You will answer the questions and write your abstract in this notebook. 

##Submitting the practical
You will submit this work in two forms:
1. You are required to save this notebook as a pdf which you will upload to Turnitin. 
2. You are also required to submit this workbook as a notebook. To do this, please click on the 'share' button (top right corner of this screen). Under 'General Access' change the access from 'Restricted' to 'Anyone with link'. Then copy the link and paste it here:

***Paste your link here:*** 

(note that to add text into a text block, you need to hover your mouse over the text block you want to edit, and double-click)

Please also rename your workbook (Week_4_practical_1.ipynb) so that it contains your name (e.g. Week_4_practical_1_LauraTurnbullLloyd.ipynb).




## Getting started
First, you need to load modules.

In [None]:
# import modules 
import pandas as pd
import numpy as np 
import matplotlib.pyplot as plt
import requests
from scipy import stats


##Downloading data
Download data from the USGS using the following parameters:
* format = 'csv'
* starttime = 1994-01-01
* endtime = 2008-01-01
* minlatitude = 33.75
* maxlatitude = 34.75
* minlongitude = -119.20
* maxlongitude = -117.80
* minmagnitude = 1.0


In [None]:
# add required code here 



## Initial exploration of the data
As always, it is useful to plot the data to check it looks okay, and to check for any patterns. It is best to plot the earthquake time series with time on the x-axis and earthquake magnitude on the y-axis. 

Therefore, to improve plotting of the data, it is useful to convert the time column in the earthquake dataset into a time format recognised by python. You can then plot out the data and have better formatted axes labels showing dates. It also enables you to perform calculations on the date/time information, which you will shortly undertake.


In [None]:
# to convert the time column into a proper time format:
eq.time = pd.to_datetime(eq.time)
eq.sort_values("time", inplace=True)


In [None]:
# to plot the data
fig = plt.figure()
plt.plot(eq.time, eq.mag, ".");
plt.ylabel("Magnitude");

## Are large earthquakes clustered?
The typical parameterization of earthquake periodicity or clustering is the Coefficient of Variation (CoV), which is the standard deviation of the interval between earthquakes divided by the mean recurrence interval, and is a straightforward metric for evaluating earthquake spacing where:
* Periodic earthquake distributions have a COV < 1
* Poissonian earthquake distribution have a COV = 1
* Clustered earthquake distributions have a COV > 1


Now, you're in a position to calculate the earthquake COV using the code below:

In [None]:
# earthquake COV analysis
interarrival = eq.time.diff().dropna().apply(lambda x: x / np.timedelta64(1, "D")) # don't worry about the detail here. This code is basically calculating the time difference between earthquake dates and giving a result in days.
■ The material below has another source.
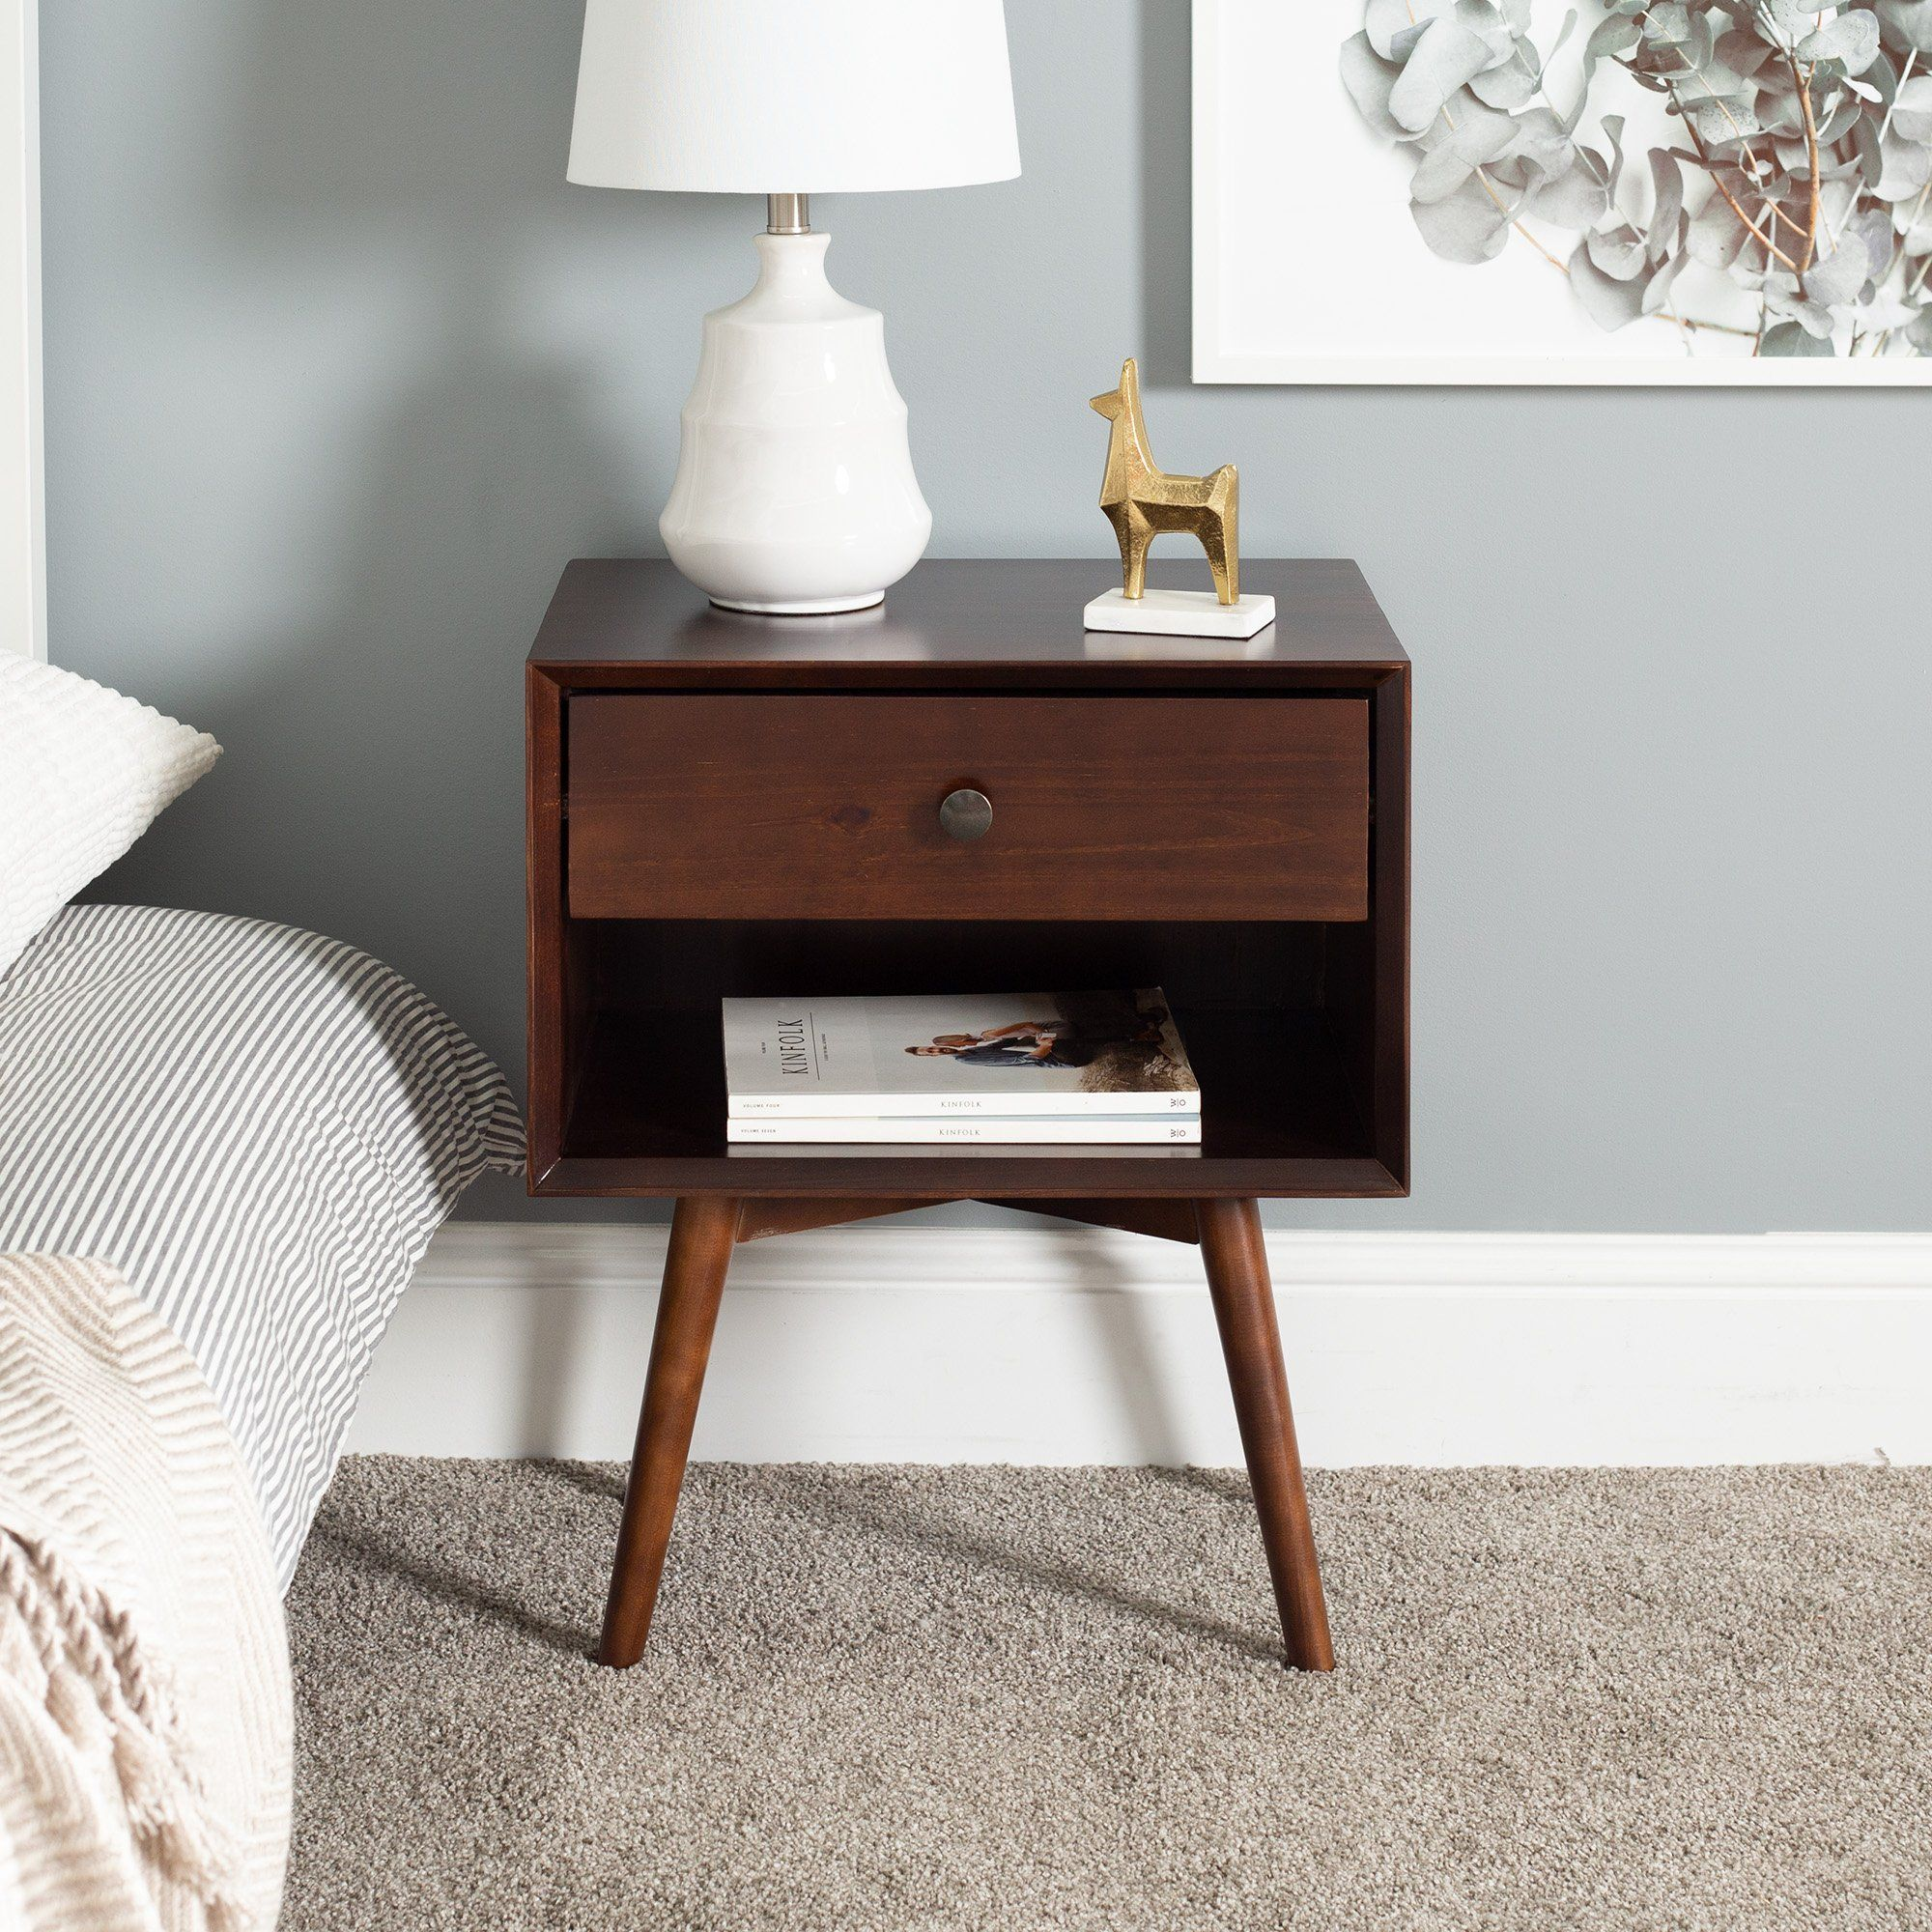 Mid Century 1 Drawer Solid Wood Nightstand In 2021 Wood Nightstand Mid Century Modern Wood Mid Century Modern Nightstand

eq_standarddeviation = np.std(interarrival)
eq_mean = np.mean(interarrival)
eq_cov = eq_standarddeviation/eq_mean
print(eq_cov)


### Question 1: What type of behaviour (clustered/Poissonian/periodic) is shown in the earthquake record? What does this type of behaviour mean in terms of time-independent probobability analyses? (1 point, 0.5 for each part of the question)

Double-click to enter your text here

#Cumulative frequency-magnitude distribution
The next step is to inspect the frequency-magnitude distribution. Run the code below to plot out the frequency-magnitude distribution:

In [None]:
# show the cumulative frequency-magnitude distribution for the entire dataset
fig, ax = plt.subplots()
ax.hist(
    eq["mag"], bins=len(eq),
    histtype="step", log=True,
    cumulative=-1)
ax.set_xlabel("Magnitude")
ax.set_ylabel("Cumulative frequency")
plt.show()

###Question 2: Looking at the above plot, over what range do the data show an apparent powerlaw distribution? Why does this relation break down at the upper and lower extremes of the data? (1 point, 0.5 for each part of the question)
Double-click to enter your text here

##Rate of earthquakes
You can use the earthquake inventory to determine the expected rate of earthquakes of a given magnitude or above per year. 
To calculate the expected rate, you need to count the number of earthquakes of a given magnitude or above in the dataset, add a new column to the dataframe (called 'rate'), and calculate the rate by dividing the count of earthquakes equal to or above a specific size by the number of years in the dataset. This will return the rate of earthquakes per year of a given magnitude or above.

Recall that you counted the number earthquakes of a specific magnitude in week 2, as detailed below.

In [None]:
#earthquake rate calculation
from collections import Counter

counted_magnitudes = Counter(eq["mag"])
magnitudes = set(eq["mag"])
magnitudes = sorted(list(magnitudes), reverse=True)
frequency = np.zeros(len(magnitudes))
frequency[0] = counted_magnitudes[magnitudes[0]]
for i, magnitude in enumerate(magnitudes[1:]):
    frequency[i + 1] = frequency[i] + counted_magnitudes[magnitude]

Now you've got the overall frequency of earthquakes for each magnitude, you need to convert this to a rate per year:

In [None]:
# answer
#enter the calculation here to determine the rate, and save it in a variable called 'rate'


In [None]:
#plot the data
fig, ax = plt.subplots()
ax.semilogy(magnitudes, rate)
ax.set_ylabel("rate per year N(M>=m)")
ax.set_xlabel("Magnitude")
plt.show()

##Fitting a powerlaw distribution to the data
Recall that the relation between earthquake magnitude and frequency can be given by:

\begin{equation}
    \log_{10}{R} = a - bM
\end{equation}

where *M* is magnitude, *R* is the rate of events with magnitude >= *M*, and *a* and *b* are constants. Note that here were referring to rate, rather than number.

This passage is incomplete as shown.